We get 400 sample units in our output below because we have 4 strata
and nSamp = 100.
#--- equal stratified sampling of existing ---#
sample_existing(existing = e_strata, nSamp = 100, type = "strat", allocation = "equal")

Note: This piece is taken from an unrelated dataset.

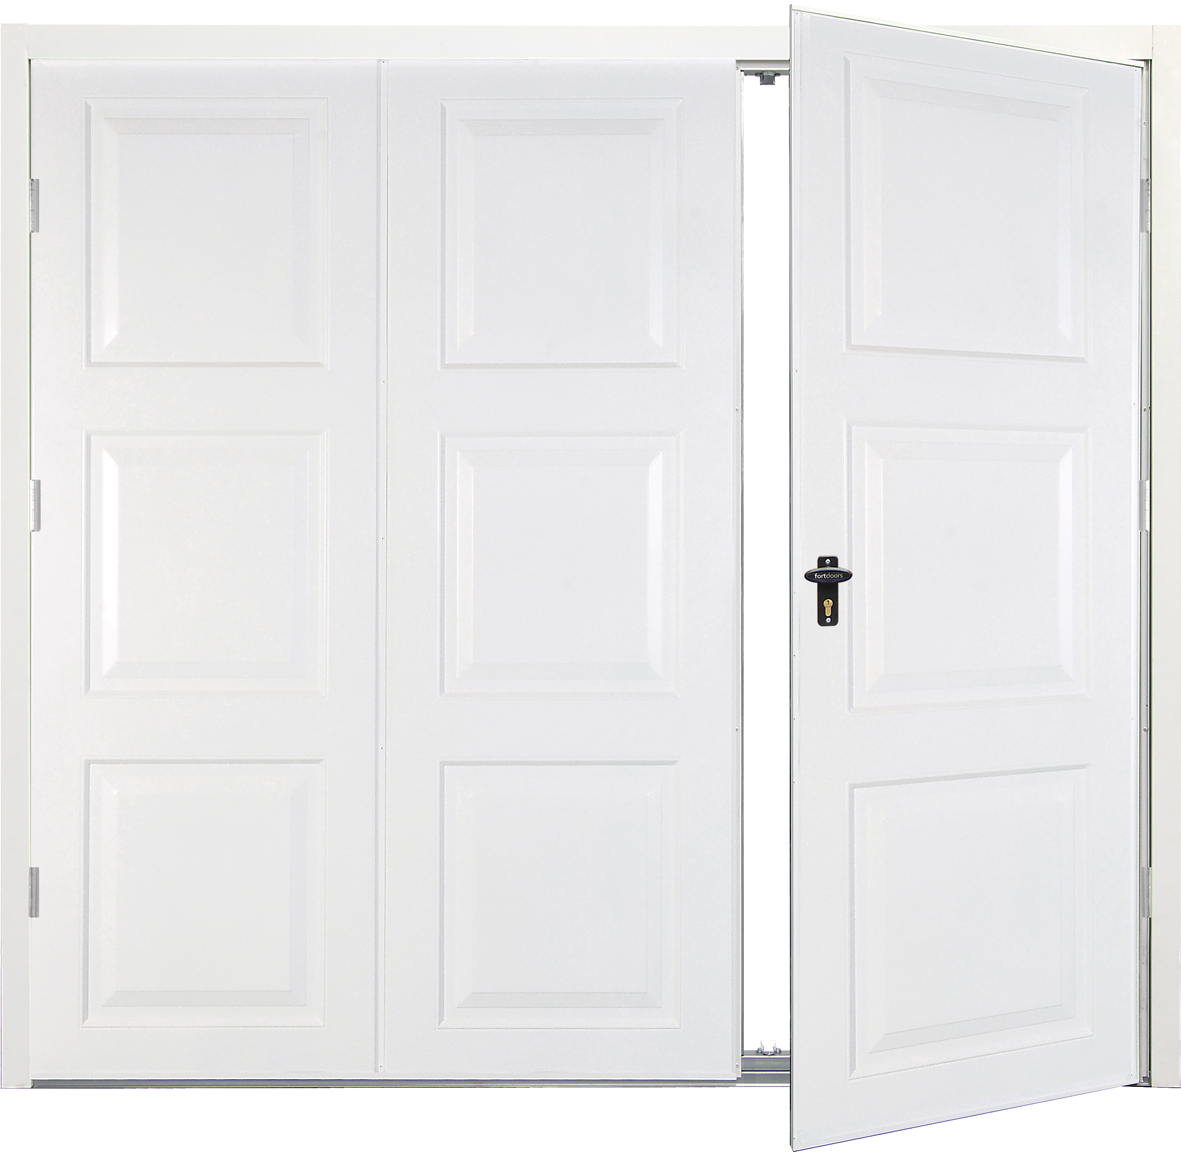 Timber Upvc Steel Side Hinged Garage Doors Prices

#> Simple feature collection with 400 features and 4 fields
#> Geometry type: POINT
#> Dimension: XY
#> Bounding box: xmin: 431129.5 ymin: 5337709 xmax: 438548.2 ymax: 5343237
#> Projected CRS: UTM Zone 17, Northern Hemisphere
#> First 10 features:
#> strata zq90 pzabove2 zsd geometry
#> 1 4 15.9 93.6 4.28 POINT (435407.1 5343095)
#> 2 4 15.2 76.7 3.66 POINT (431671.1 5341878)
#> 3 4 12.9 91.1 3.19 POINT (433235.9 5339080)
#> 4 4 15.7 73.9 3.94 POINT (431443.1 5341493)
#> 5 4 14.7 93.5 3.11 POINT (431614.4 5338273)
#> 6 4 18.9 74.5 3.87 POINT (436826.5 5341630)
#> 7 4 20.3 95.8 4.19 POINT (436490.3 5341414)
#> 8 4 17.0 91.7 3.47 POINT (435723.9 5338541)
#> 9 4 17.9 89.7 4.04 POINT (431383.3 5341217)
#> 10 4 17.1 90.8 3.65 POINT (433680.5 5339128)
#--- manual stratified sampling of existing with user defined weights ---#
s <- sample_existing(existing = e_strata, nSamp = 100, type = "strat", allocation = "manual", weights = c(0.2, 0.6, 0.1, 0.1))
We can check the proportion of samples from each strata with:
#--- check proportions match weights ---#
table(s$strata) / 100
#>
#> 1 2 3 4
#> 0.2 0.6 0.1 0.1
Finally, type = "optim allows for the user to define a
raster metric to be used to optimize within strata
variances.
#--- manual stratified sampling of existing with user defined weights ---#
sample_existing(existing = e_strata, nSamp = 100, type = "strat", allocation = "optim", raster = mraster, metric = "zq90")
#> Simple feature collection with 99 features and 4 fields
#> Geometry type: POINT
#> Dimension: XY
#> Bounding box: xmin: 431192.5 ymin: 5337780 xmax: 438559.5 ymax: 5343237
#> Projected CRS: UTM Zone 17, Northern Hemisphere
#> First 10 features:
#> strata zq90 pzabove2 zsd geometry
#> 1 4 16.8 91.9 4.61 POINT (437069 5339408)
#> 2 4 15.6 70.6 3.92 POINT (435171 5338661)
#> 3 4 17.5 89.3 4.35 POINT (436202.5 5340753)
#> 4 4 15.3 69.1 3.64 POINT (432634.5 5339644)
#> 5 4 15.5 82.8 3.31 POINT (437103 5341571)
#> 6 4 19.5 93.7 3.19 POINT (436034.4 5340644)
#> 7 4 18.8 95.9 3.20 POINT (431696.9 5339991)
#> 8 4 21.3 92.8 3.33 POINT (432443.8 5338093)
#> 9 4 16.5 97.2 2.07 POINT (431192.5 5339666)
#> 10 4 16.2 85.8 3.54 POINT (433016.1 5342744)
We see from the output that we get 300 sample units that are a
sub-sample of existing. The plotted output shows cumulative
frequency distributions of the population (all existing
samples) and the sub-sample (the 300 samples we requested).